===== Source material

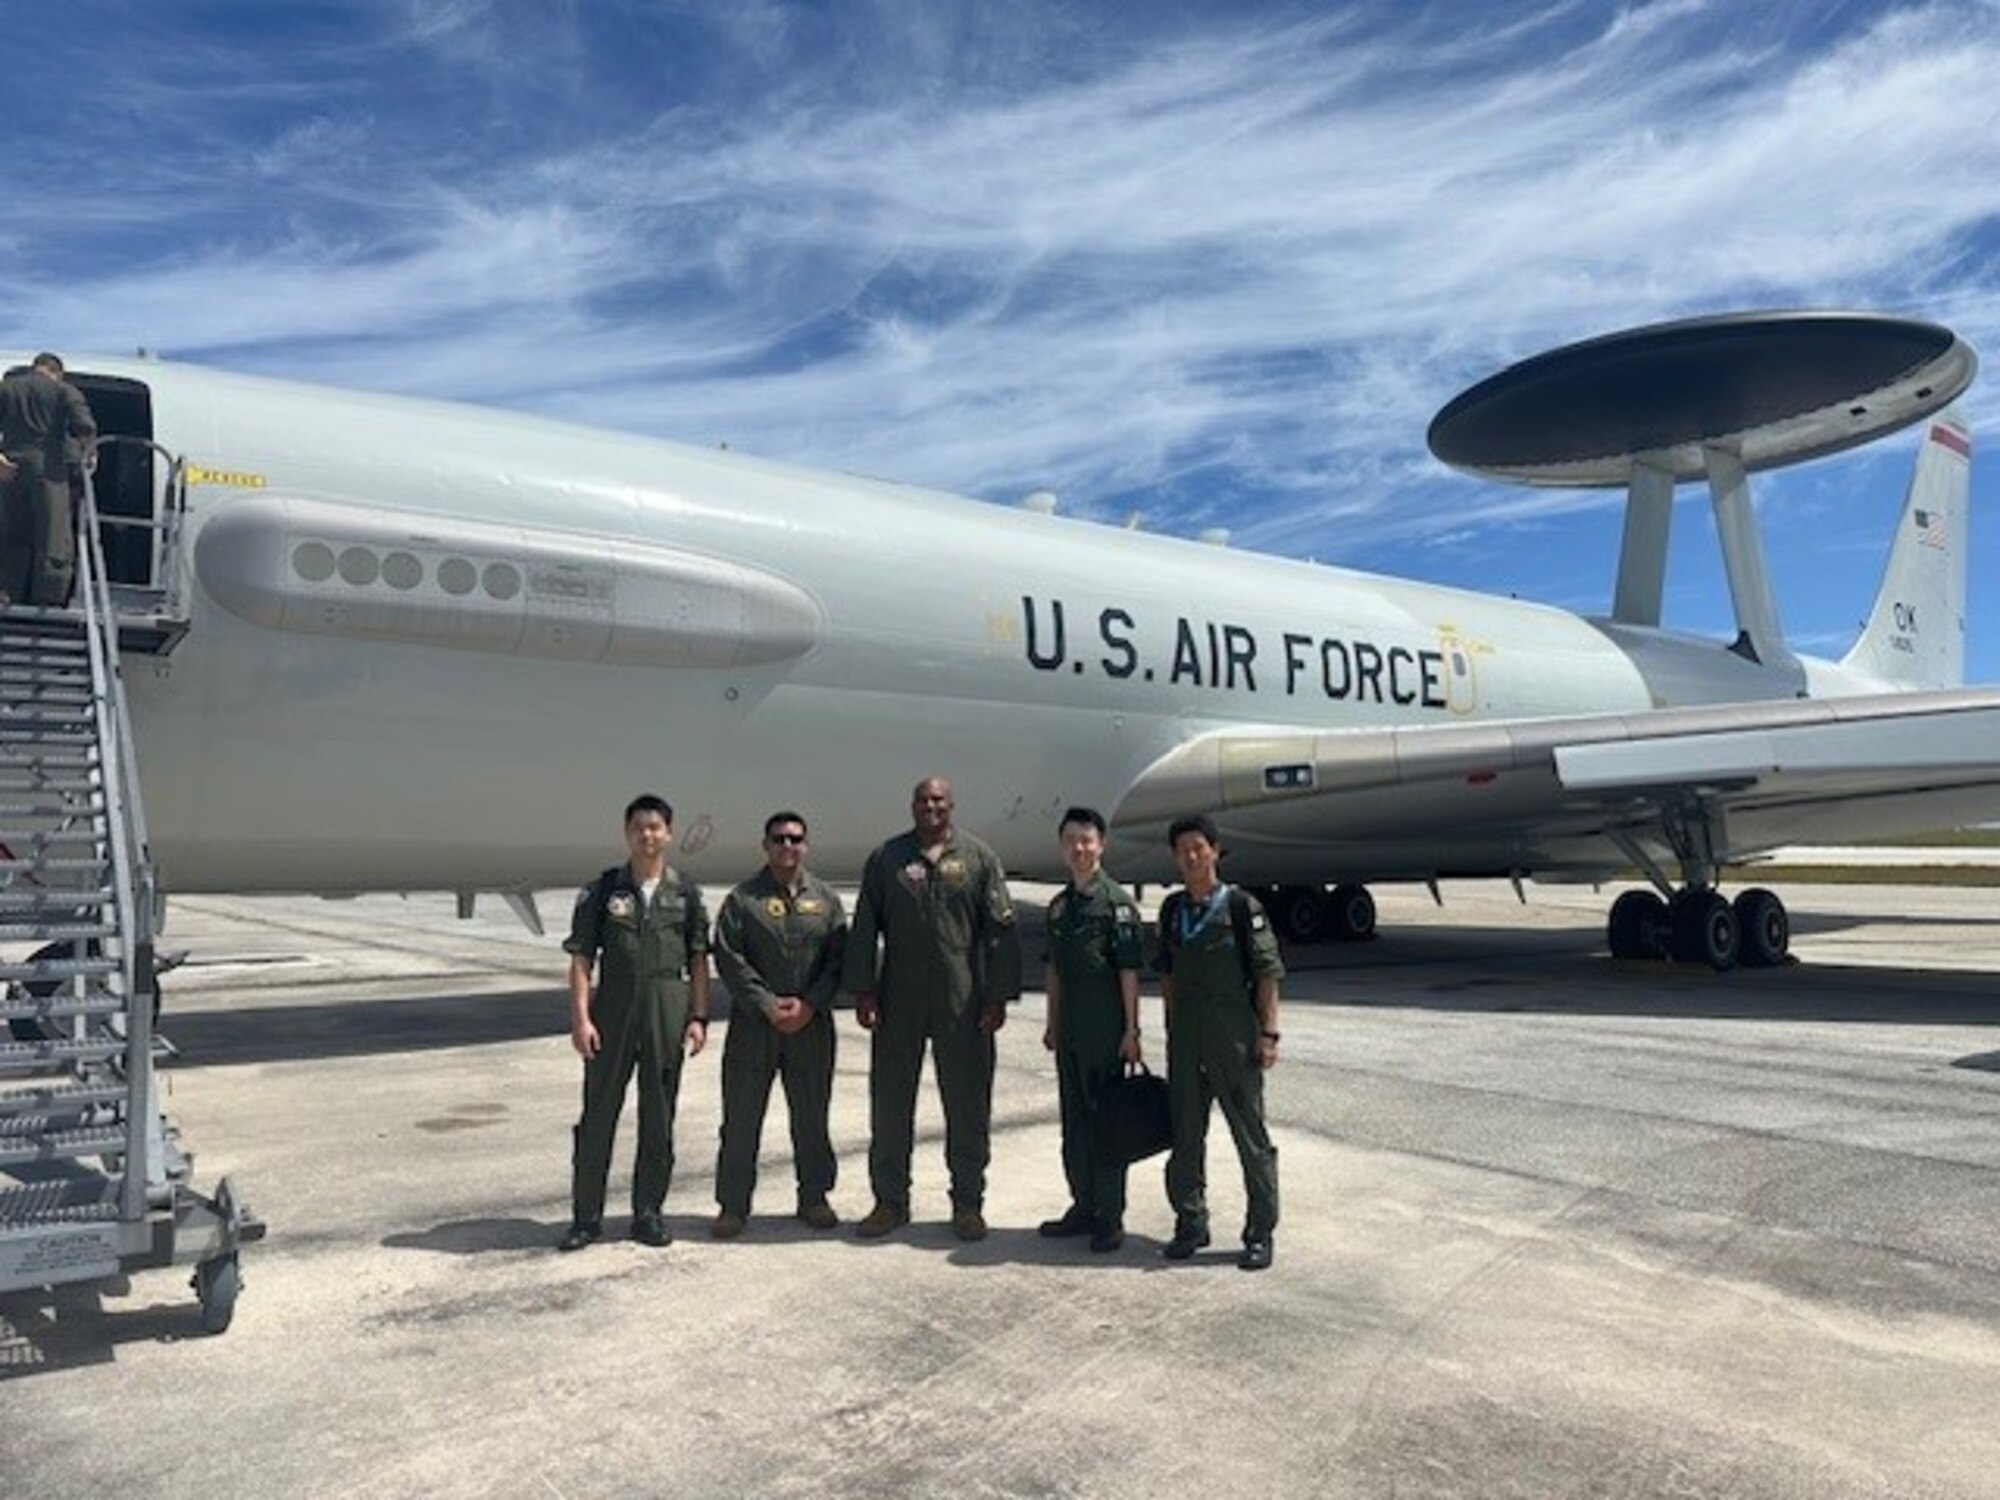 Men standing in front of E-3 AWACS aircraft
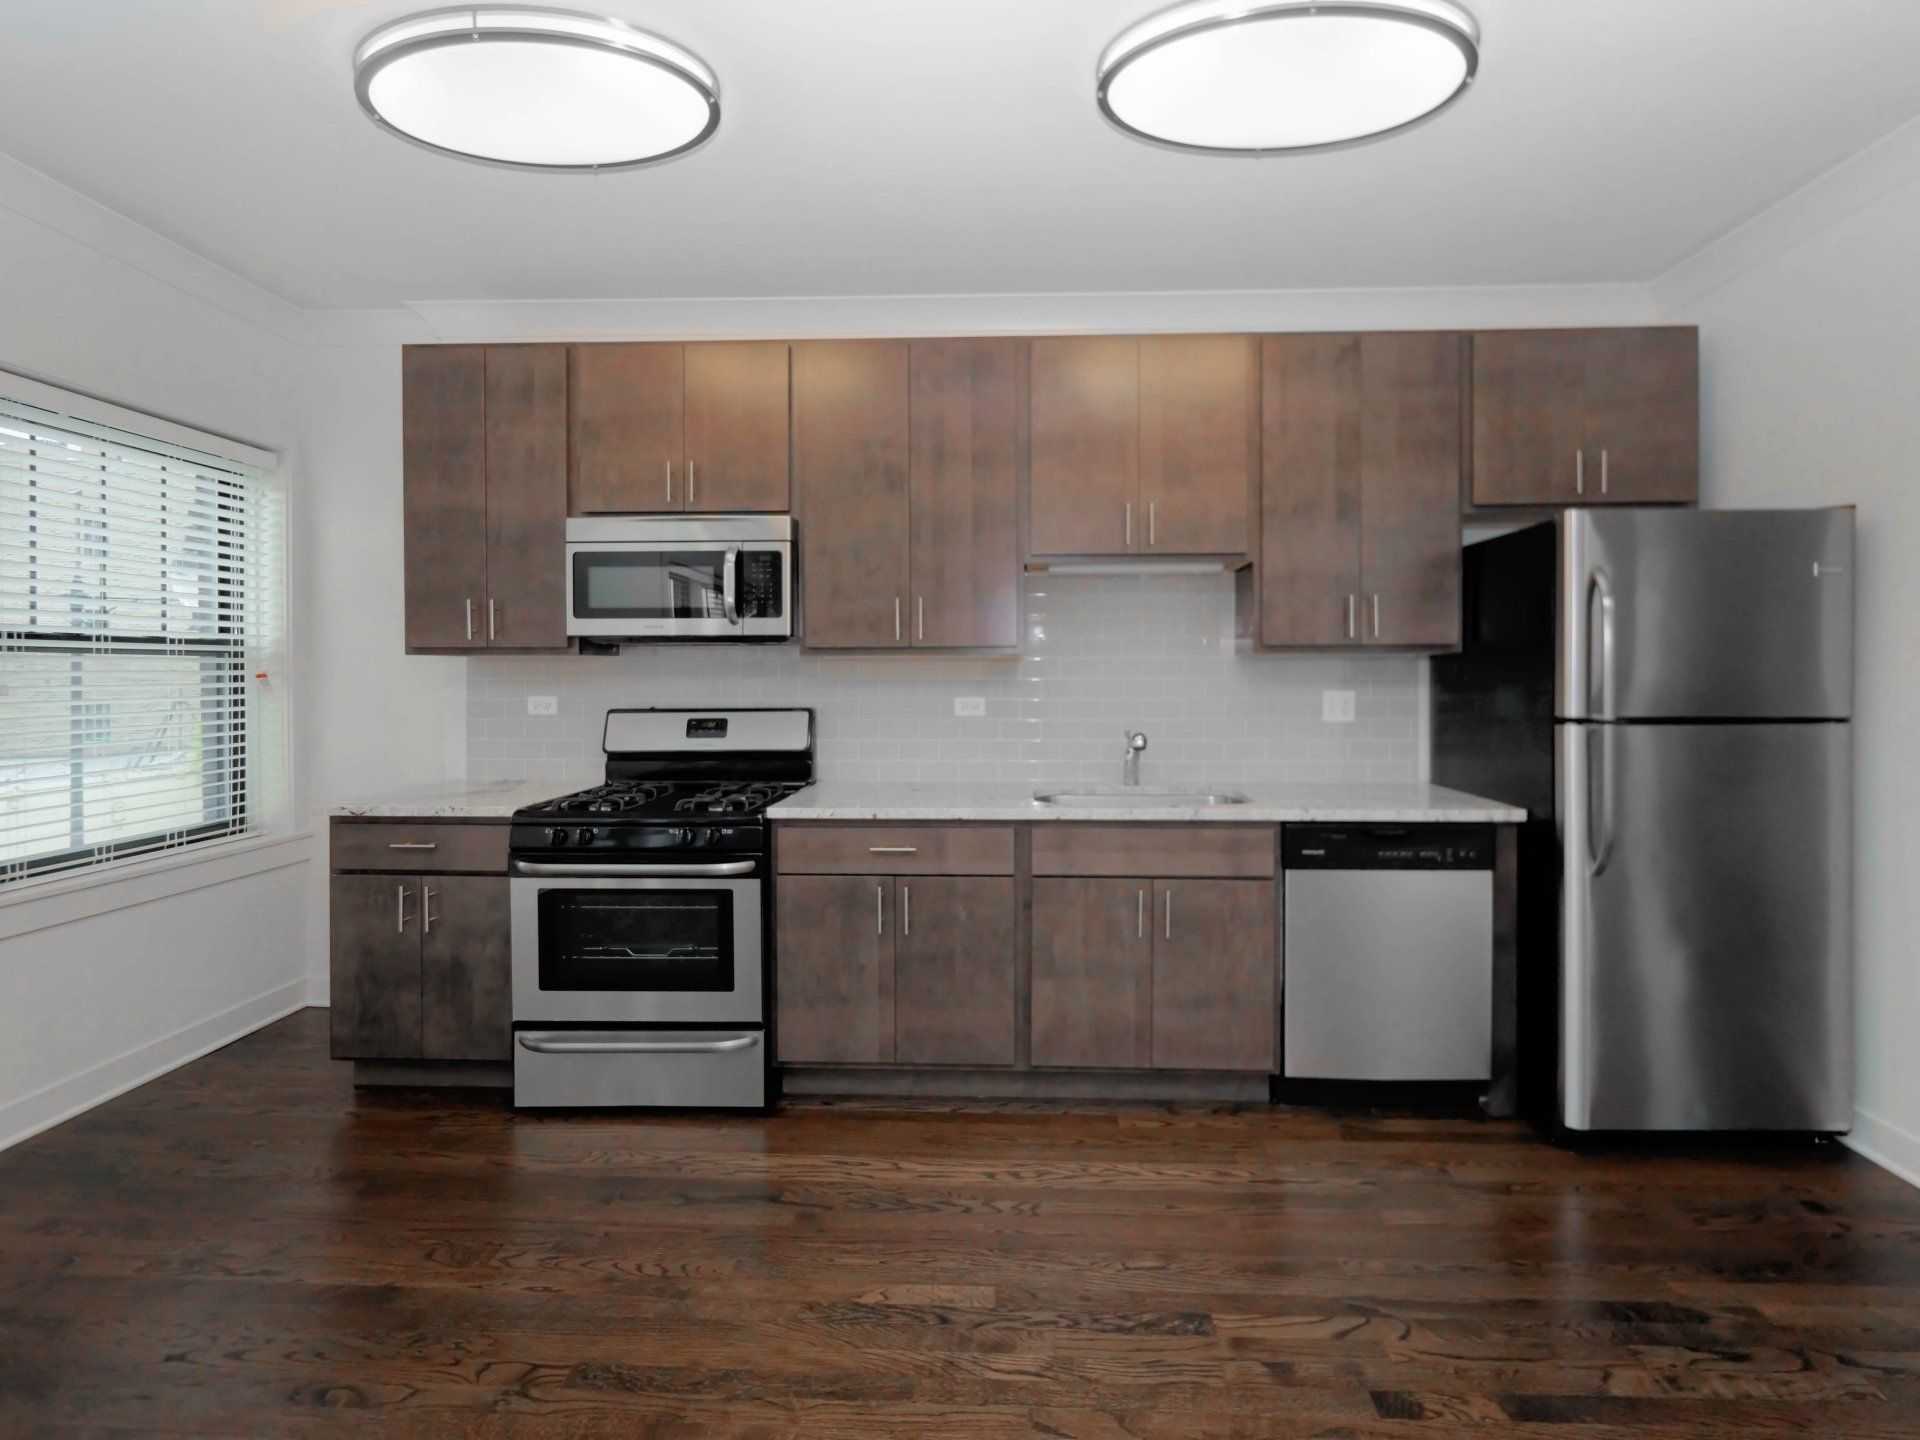 A kitchen with stainless steel appliances and wooden cabinets at 5425 N Clark Street.
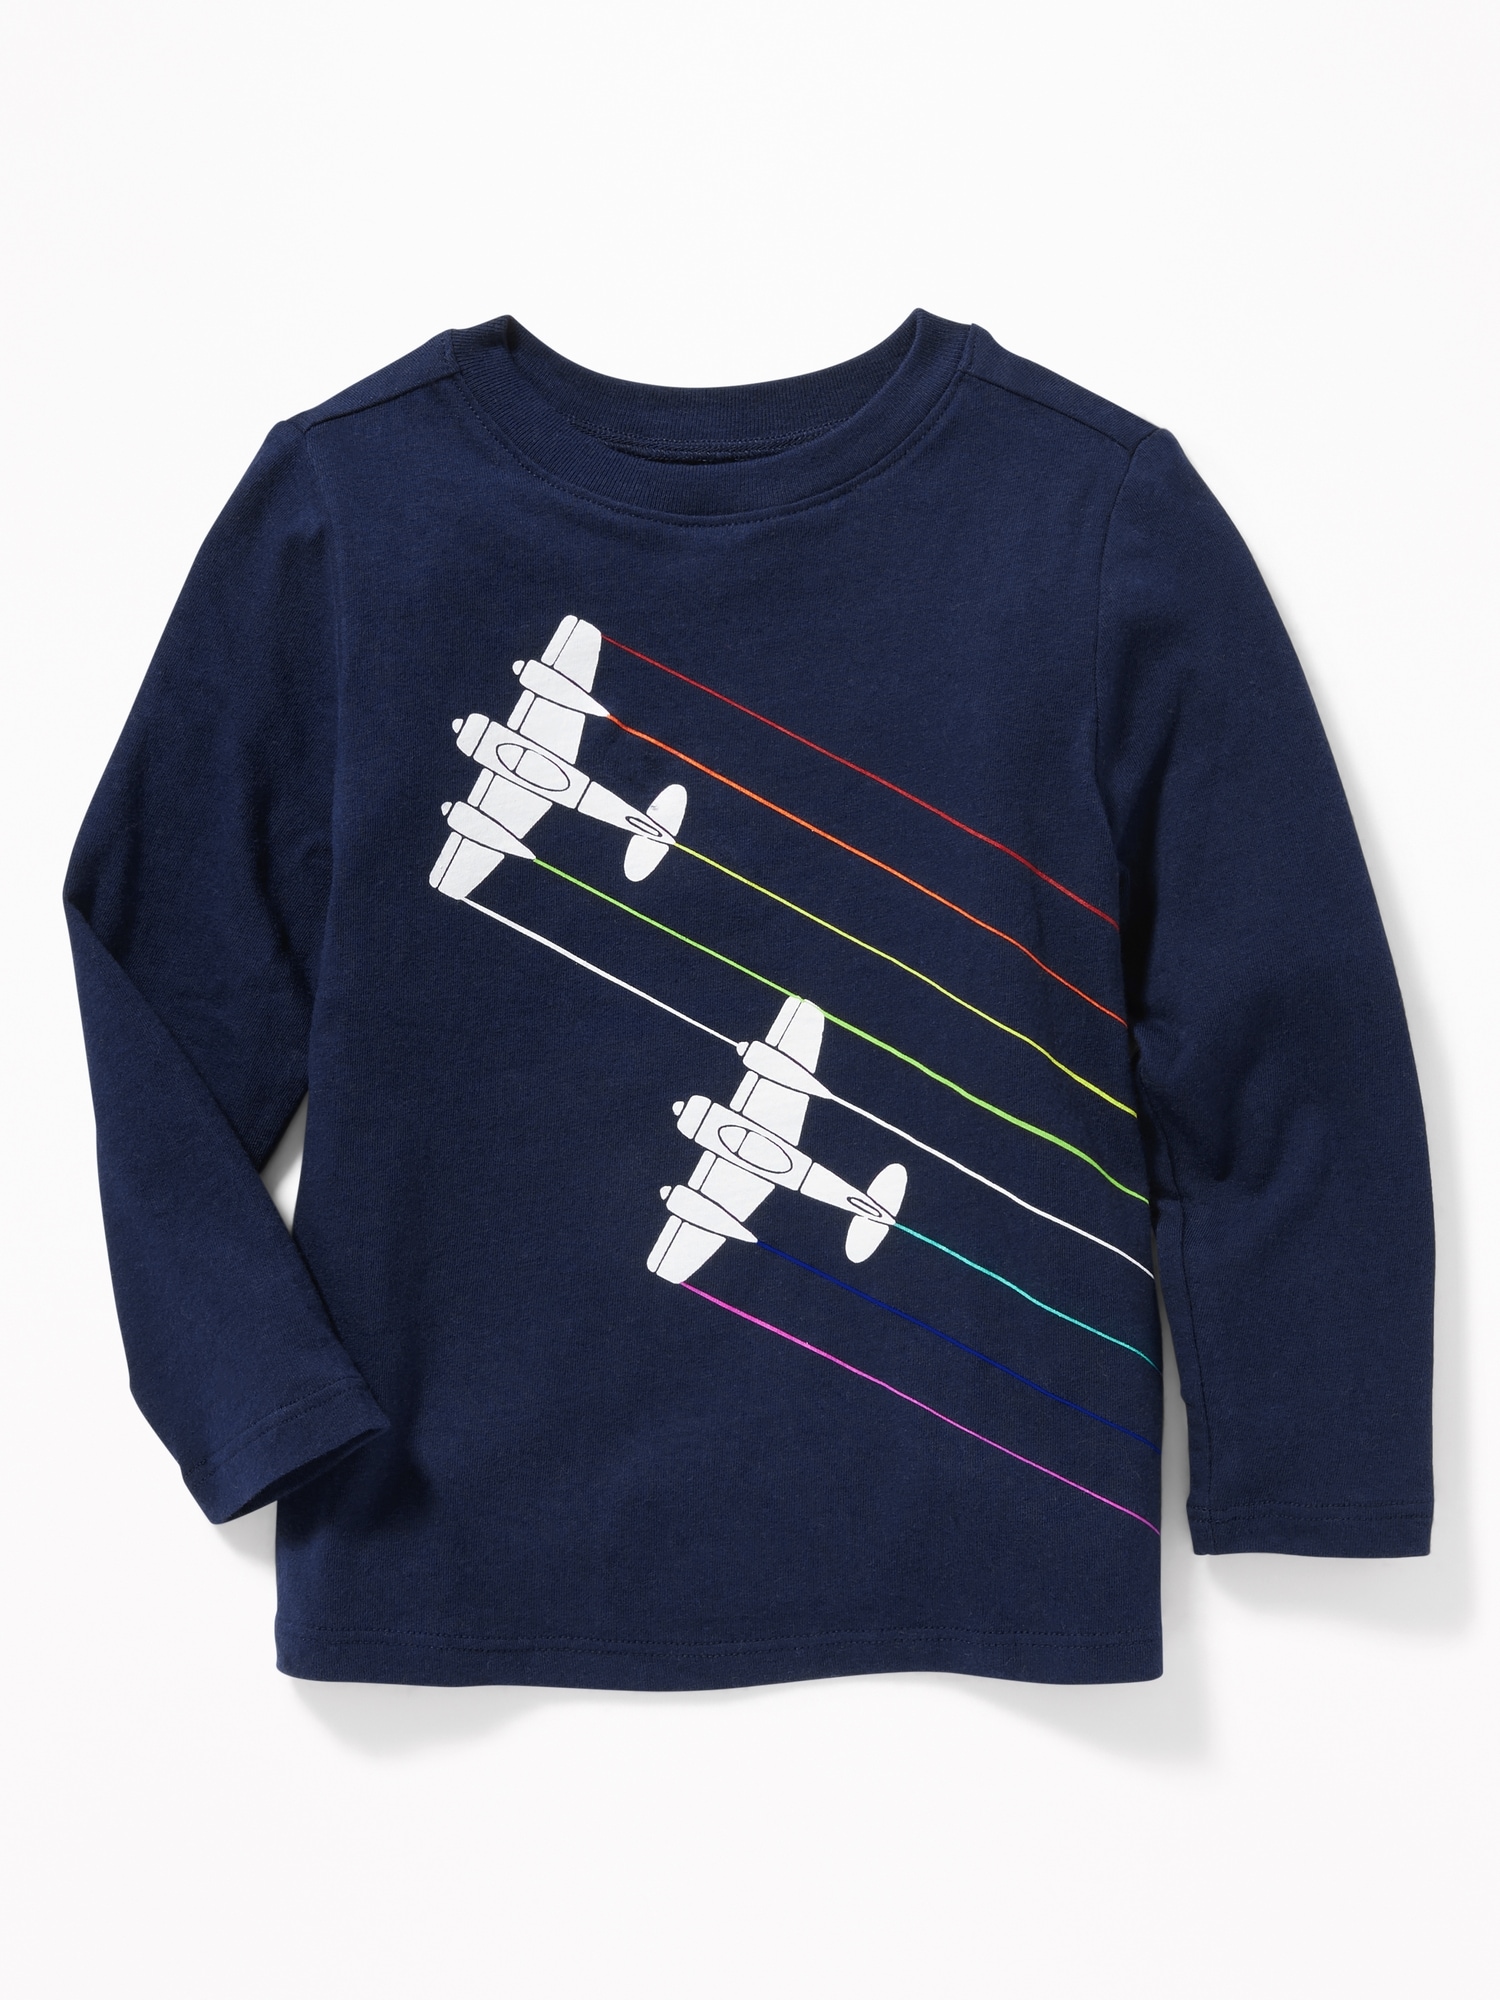 Graphic Long-Sleeve Tee for Toddler Boys

==========

▸ **Your instructions**
Give the data again exactly, without pictures.

▸ **Completed task**
 Men standing in front of E-3 AWACS aircraft
 A kitchen with stainless steel appliances and wooden cabinets at 5425 N Clark Street.
 Graphic Long-Sleeve Tee for Toddler Boys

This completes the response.